Create several folders inside this bucket, one for each customer
Setup a file transfer mechanism (I believe I'd have to use S3's SDK somehow)
Provide a client application for each customer, so that they can run it at their side to upload the files to their specific folders inside the bucket
This last point is easy on SFTP, since you can set a "root" folder for each user so that when the user connects to the server it automatically lands on its appropriate folder. Not sure if something of this sort can be worked out on S3. Also the file transfer mechanism would have to not only provide credentials to access the bucket, but also "sub-credentials" to access the folder.
I have been digging into S3 but couldn't quite figure out if this whole idea is (a) feasible and (b) practical. The other limitation with my original SFTP solution is that by definition an SFTP server is a single point of failure, which I'd be glad to avoid. I'd be thrilled if someone could shed some light on this (btw, other solutions are also welcomed).
Note that I am trying to eliminate the SFTP server altogether, and not mount an S3 bucket as the "root folder" for the SFTP server.
Thank you
You can create an S3 policy that will grant access only to certain prefix ("folder" in your plan). The only thing your customers need is permission to do PUT request. For each customer you will also need to create a set of access keys.
It seems you're overcomplicating. If SFTP is a bottleneck and is not redundant, you can always create a scale group (with ELB or DNS round-robin in front of it) and mount S3 to EC2 instances with sshfs or goofys. If cost is not an issue here, you can even mount EFS as NFS share.
AWS has an example configuration here that seems like it may meet your needs pretty well.
I think you're definitely right to consider s3 over a traditional SFTP setup. If you do go with a server-based approach, I agree with Sergey's answer -- an auto-scaling group of servers backed by shared EFS storage. You will, of course, have to own maintenance of those servers, which may or may not be an issue depending on your expertise and desire to do so.
A pure s3 solution, however, will almost certainly be cheaper and require less maintenance in the long-run.
There is now an AWS managed SFTP service in the AWS Transfer family.

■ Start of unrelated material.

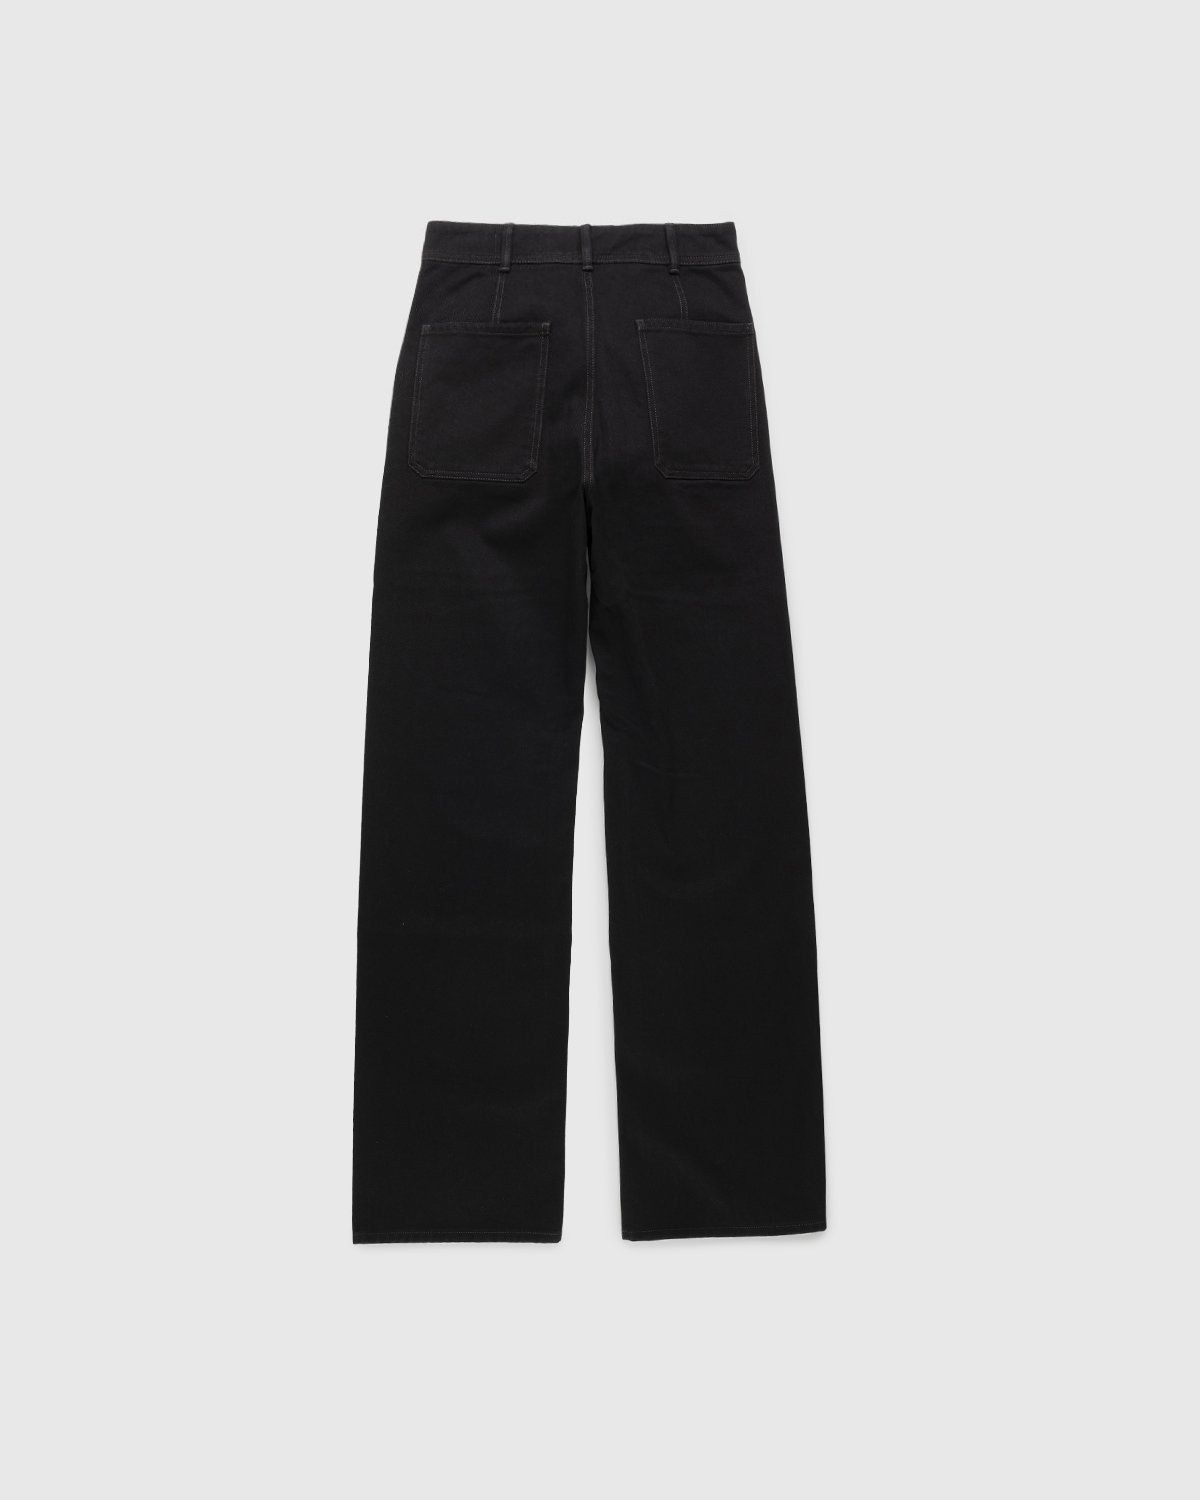 Lemaire – Rinsed Denim Sailor Pants Black - Pants - Black - Image 2

https://aws.amazon.com/blogs/aws/new-aws-transfer-for-sftp-fully-managed-sftp-service-for-amazon-s3/
Today we are launching AWS Transfer for SFTP, a fully-managed, highly-available SFTP service. You simply create a server, set up user accounts, and associate the server with one or more Amazon Simple Storage Service (S3) buckets. You have fine-grained control over user identity, permissions, and keys. You can create users within Transfer for SFTP, or you can make use of an existing identity provider. You can also use IAM policies to control the level of access granted to each user. You can also make use of your existing DNS name and SSH public keys, making it easy for you to migrate to Transfer for SFTP. Your customers and your partners will continue to connect and to make transfers as usual, with no changes to their existing workflows.